*Exercise prompt*:
Output the exact lines that start at the one containing "Toyota Cars: 2011 Toyota Tacoma Review" and continue to the last line of the entries below; do not output pictures.

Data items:
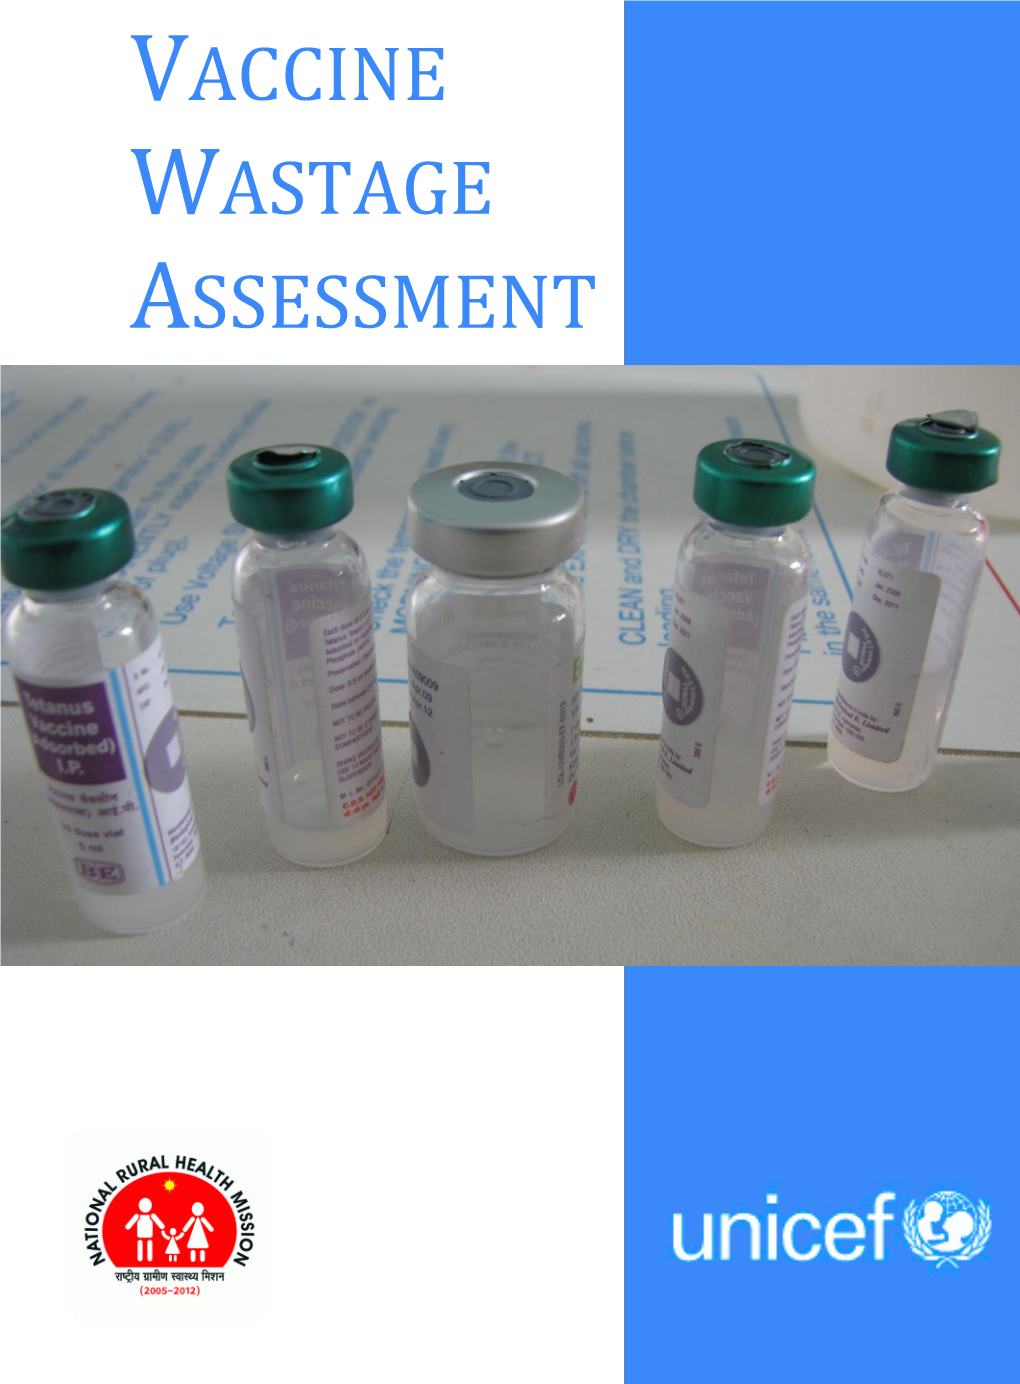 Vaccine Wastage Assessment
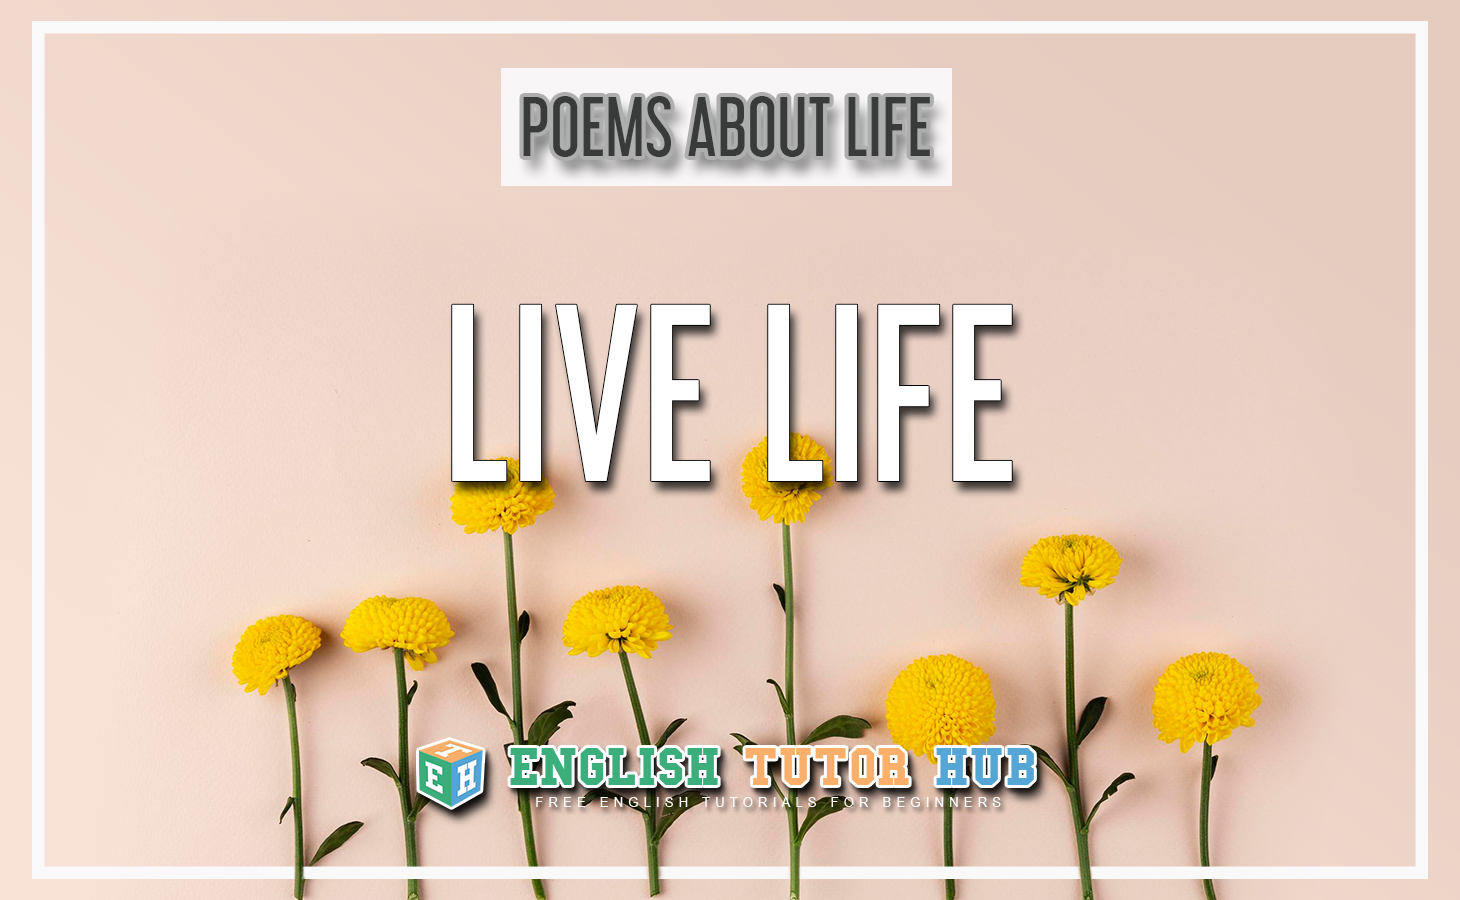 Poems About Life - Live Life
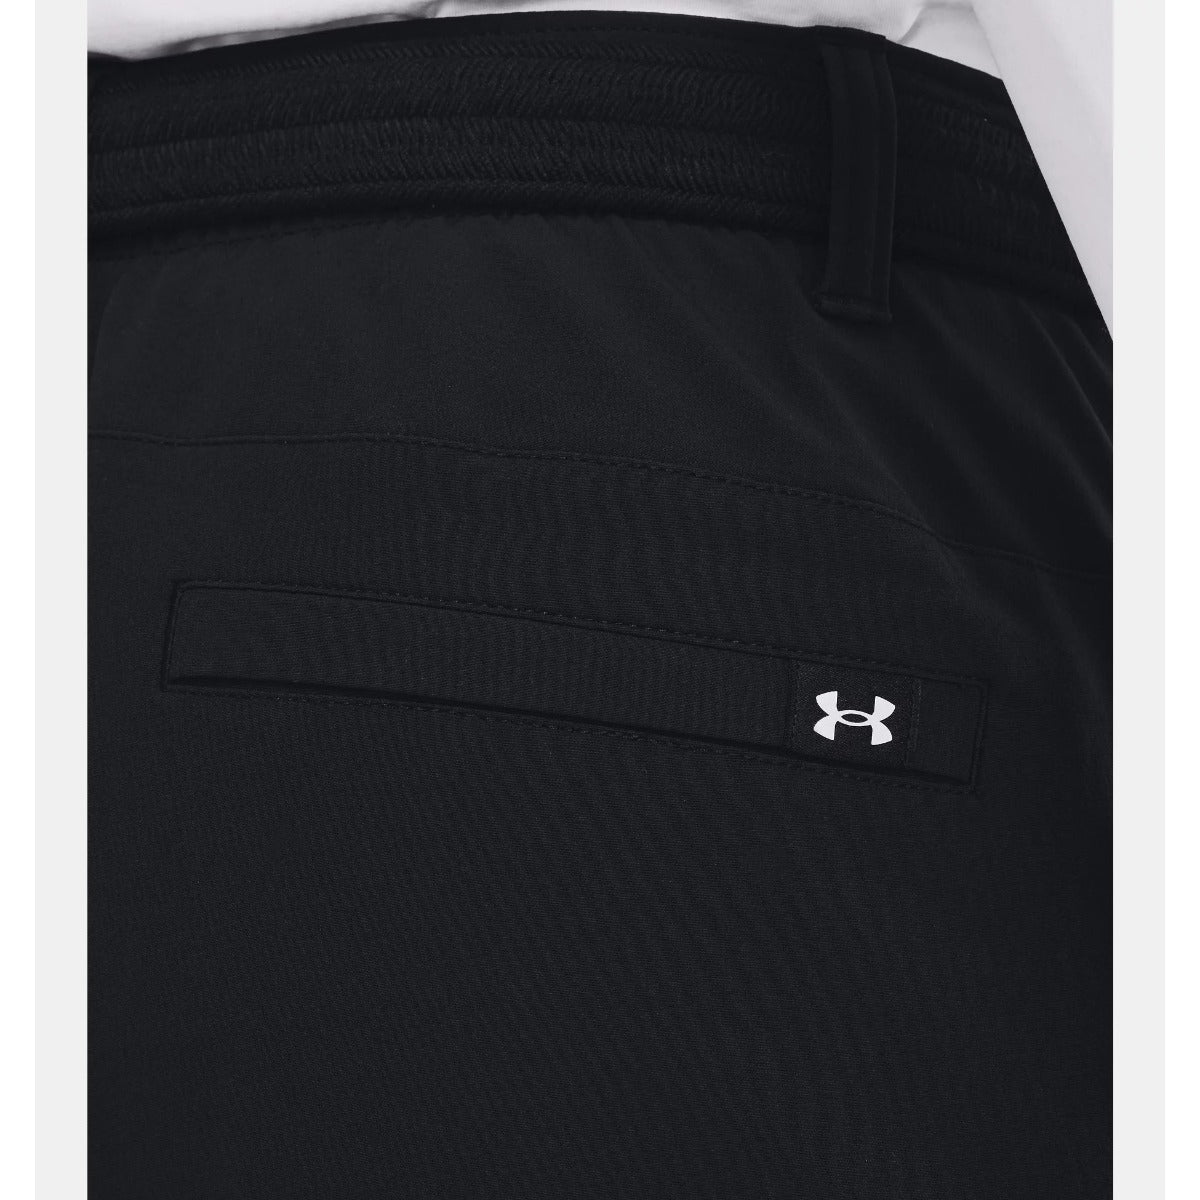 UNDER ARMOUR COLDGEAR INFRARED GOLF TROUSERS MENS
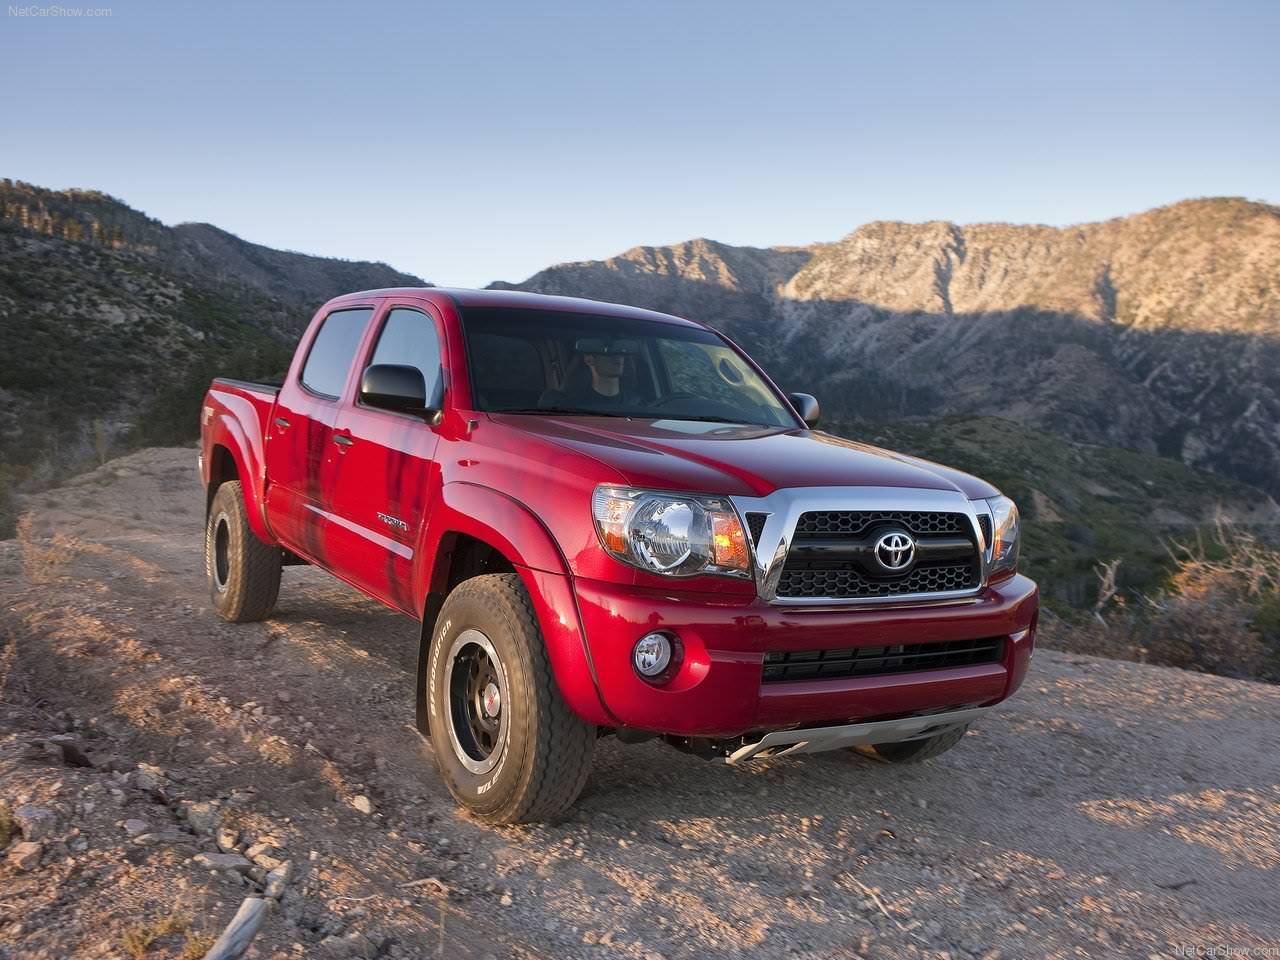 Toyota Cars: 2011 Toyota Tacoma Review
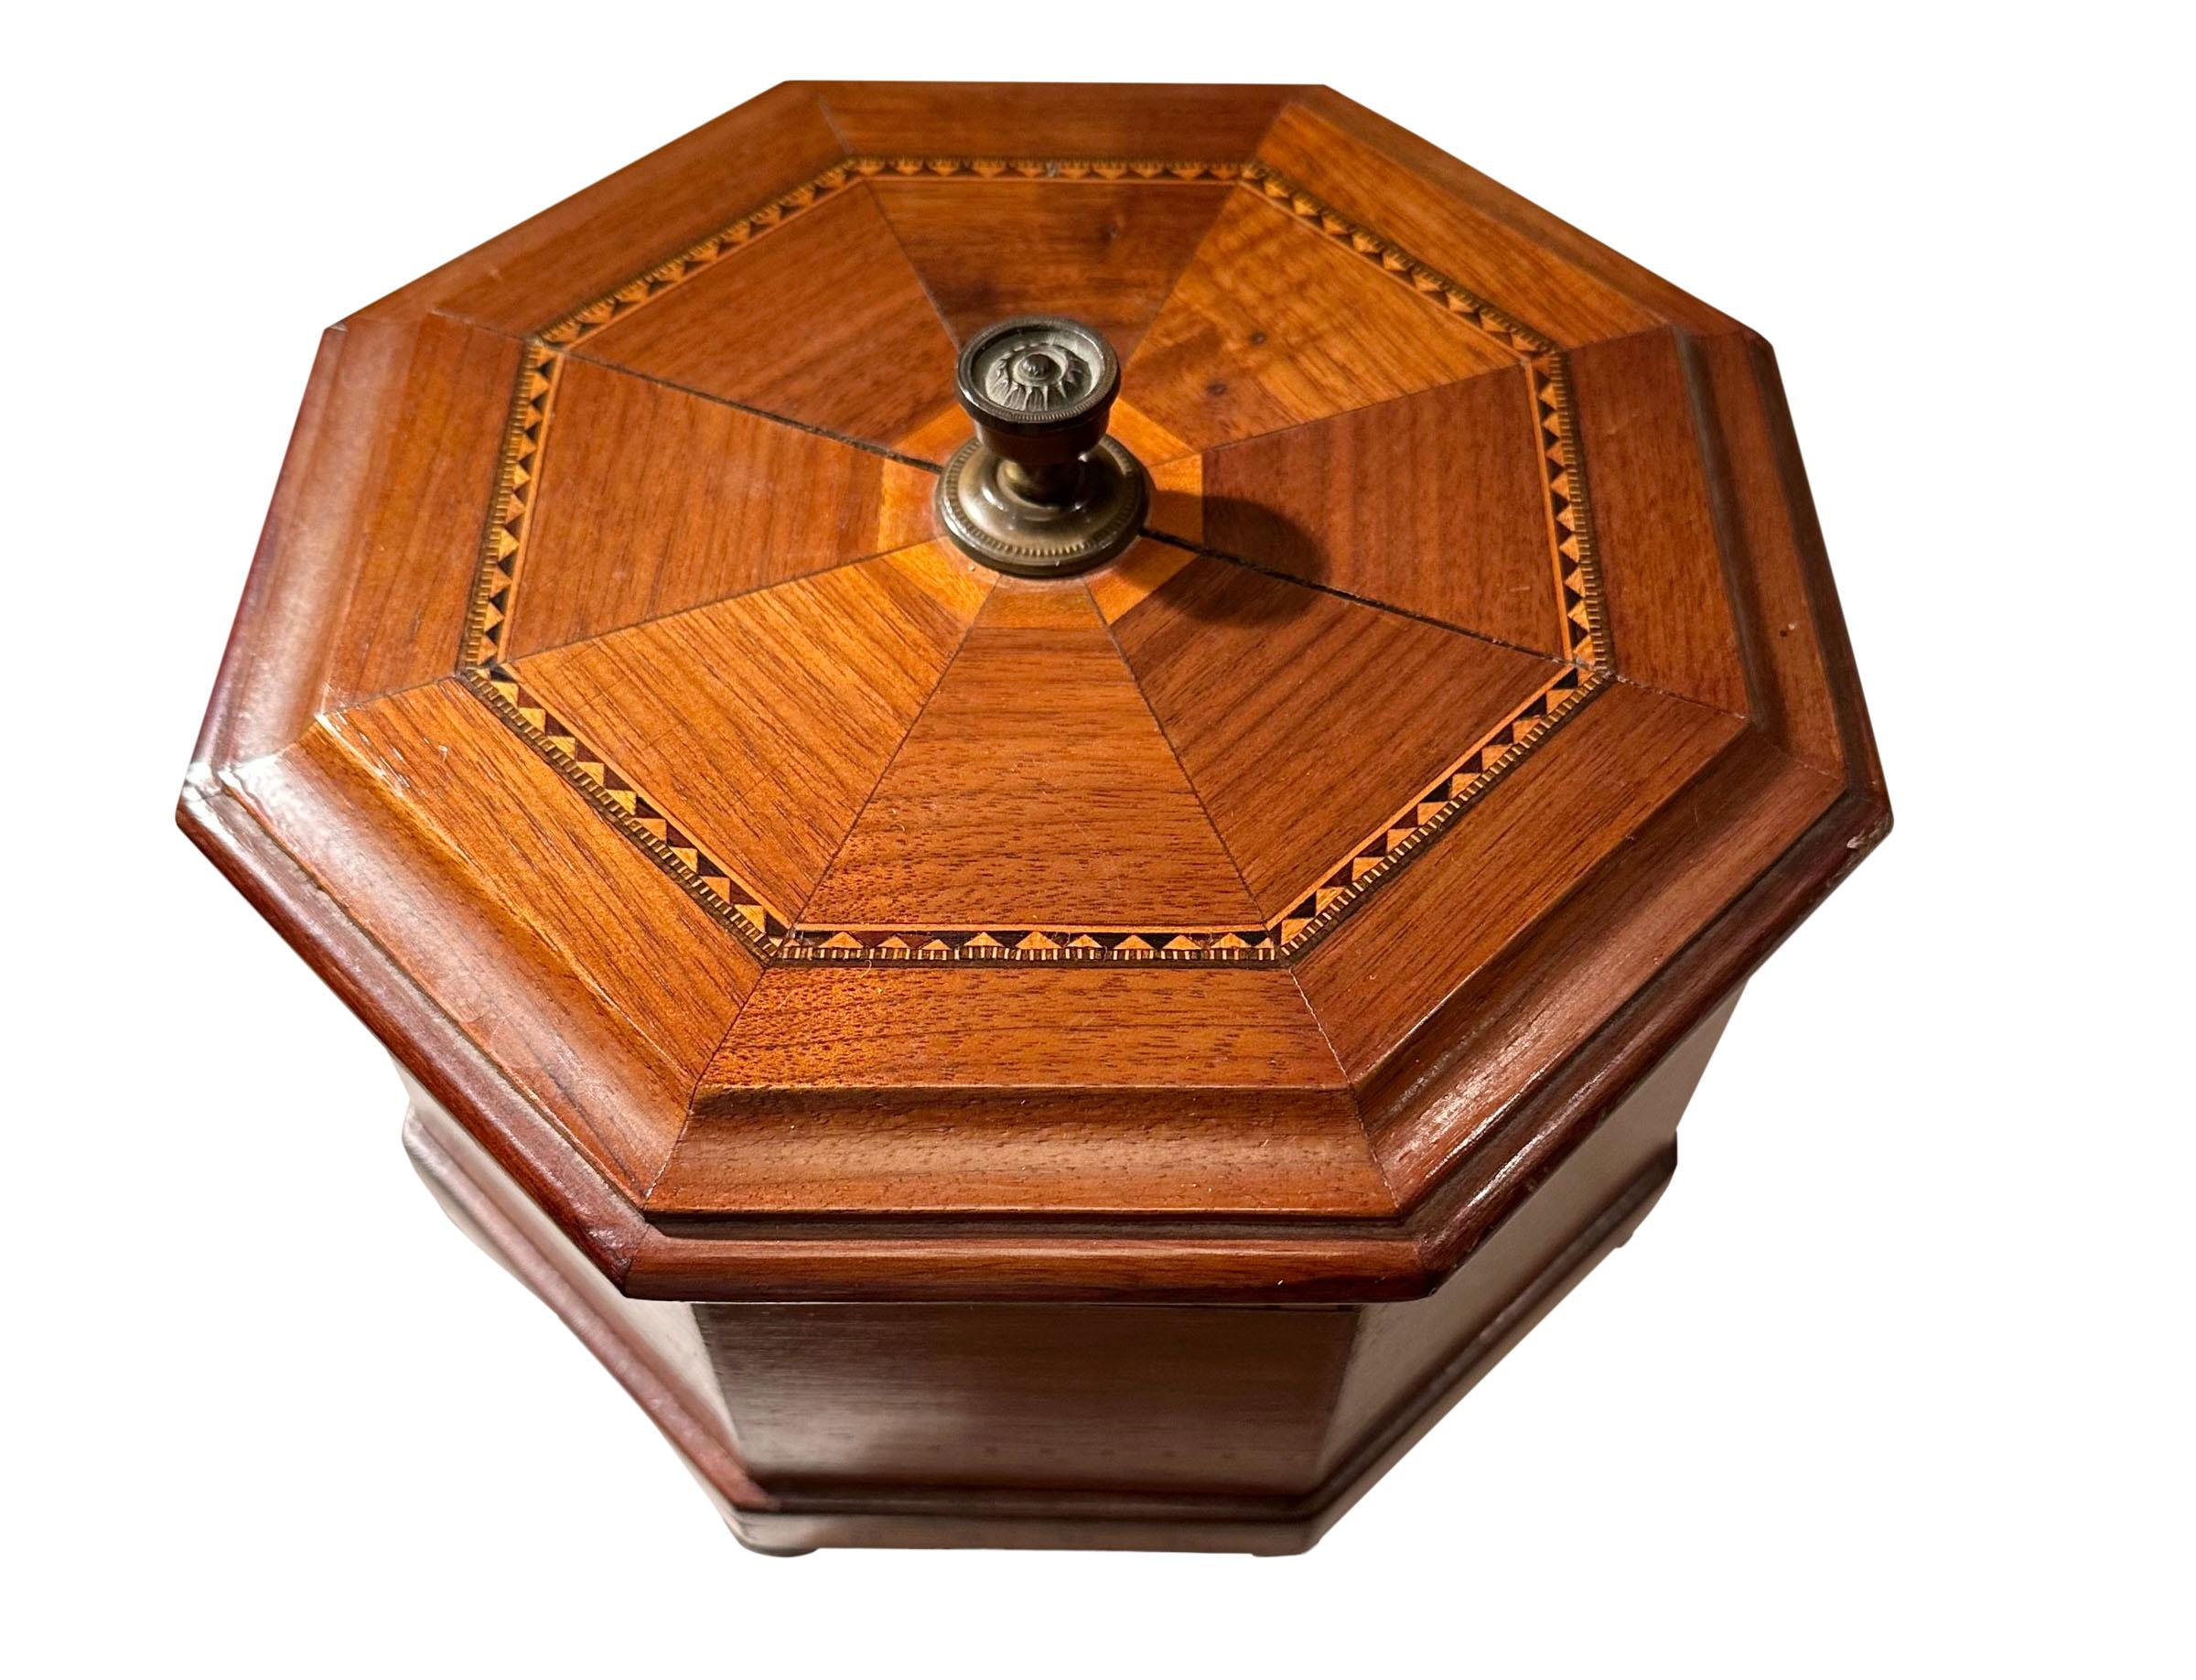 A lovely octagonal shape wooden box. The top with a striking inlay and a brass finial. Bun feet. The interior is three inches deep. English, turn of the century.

*Exercise solution*:
 Toyota Cars: 2011 Toyota Tacoma Review
 A lovely octagonal shape wooden box. The top with a striking inlay and a brass finial. Bun feet. The interior is three inches deep. English, turn of the century.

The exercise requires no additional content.